The surge in property values over the past several years isn't just a local phenomenon felt only in Southwest Florida. Prices from Miami to Atlanta don't seem to be faltering; instead, they continue to climb, especially along Florida's Gold Coast.

Then why are we seeing a seller's market turn into a buyer's market here in our little comer of paradise? The reasons are a matter of almost daily articles and columns by highly qualified real estate professionals. I am just a property owner and an interested observer. Maybe that's why I need a new definition of the word "bubble."

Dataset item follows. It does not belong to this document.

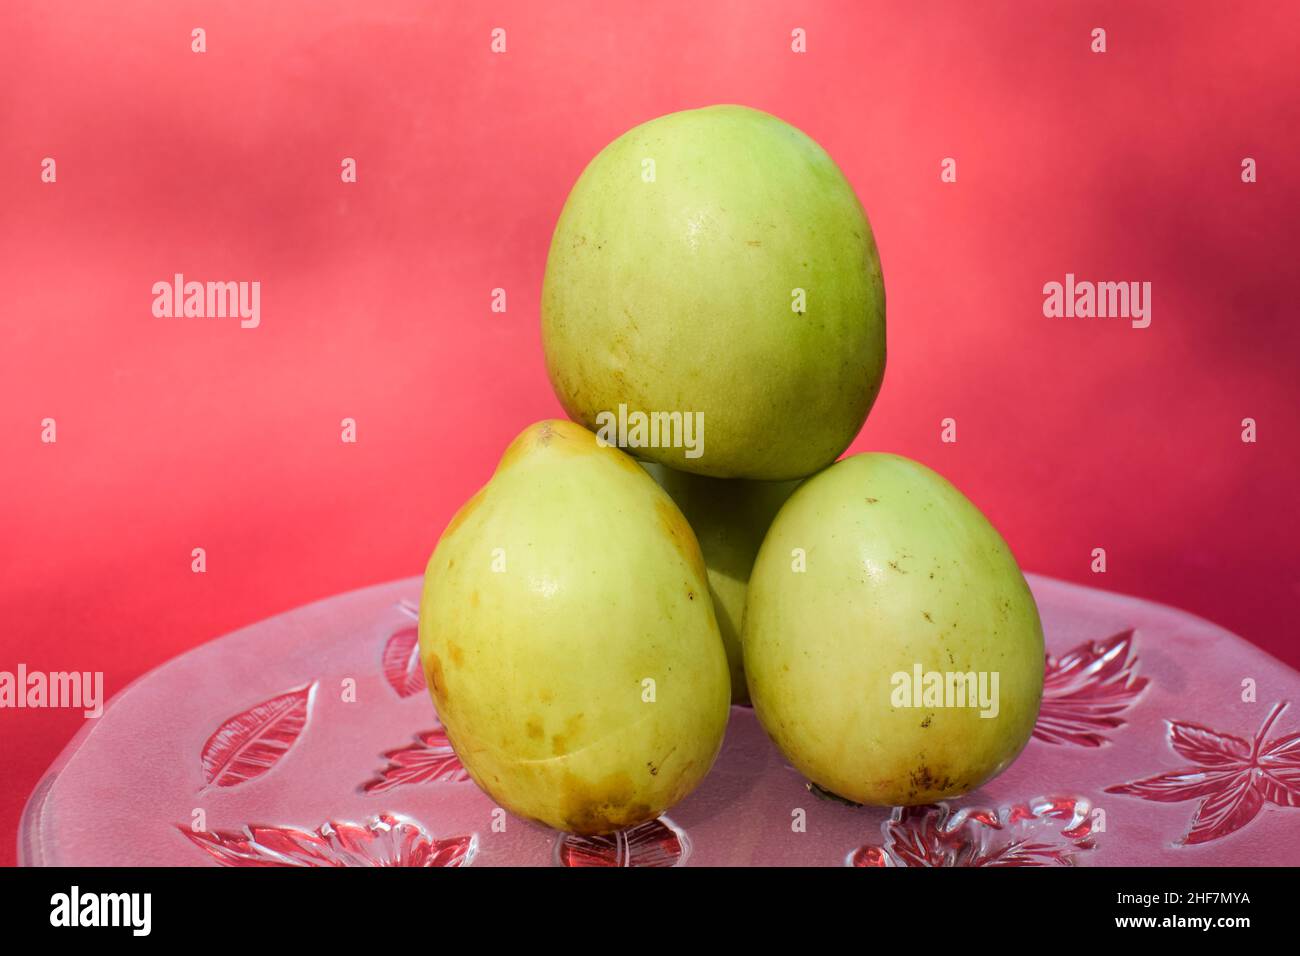 Frische und organische indische Früchte genannt Green Jujube oder Apple Jujube oder Ber Apfel. Grüne indische Jujuba-Pflaume Bora auf rotem Hintergrund Stockfoto

"An economic bubble occurs when speculation in a commodity causes the price to increase, thus producing more speculation," according to www.investordictionary.com. "The price of the goods then reaches absurd levels and the bubble is usually followed by a sudden drop in prices, known as' a crash."

I don't think we will see a crash in property values here, although sales prices seem to have leveled off and may even have adjusted slightly downward. After reading about the real estate boom in Georgia - thanks to large forest tracts being sold off by Weyerhauser and the soon to be completed largest Georgia land sale ever by International Paper Company - I can't help but think development companies are setting the stage for another round of price increases for residential properties throughout the south.

Middle to northern Georgia is being subdivided at an astounding rate. While the areas north of Macon all the way to the North Carolina mountains are beginning to look like the next big areas of growth, especially for "halfbacks," Southwest Florida will always be attractive to northern retirees seeking relief from the relentless northern winters. The issue will be whether or not they can afford property in Florida.

"Halfbacks," by the way, are folks who moved to Florida from up north, then decided to move halfway back home for whatever reason, ending up in the mountains of North Carolina or Georgia. These aren't the land speculators who have left here after hurricane Katrina and descended on Mississippi and Louisiana; these are mostly retirees escaping our burdensome taxes and the spiraling cost of home ownership or the threat of hurricanes.

I don't doubt real estate bubbles exist, I just don't think the term applies to property values in Southwest Florida today. But then again, if property values fall 800 percent in 2006, I could be wrong.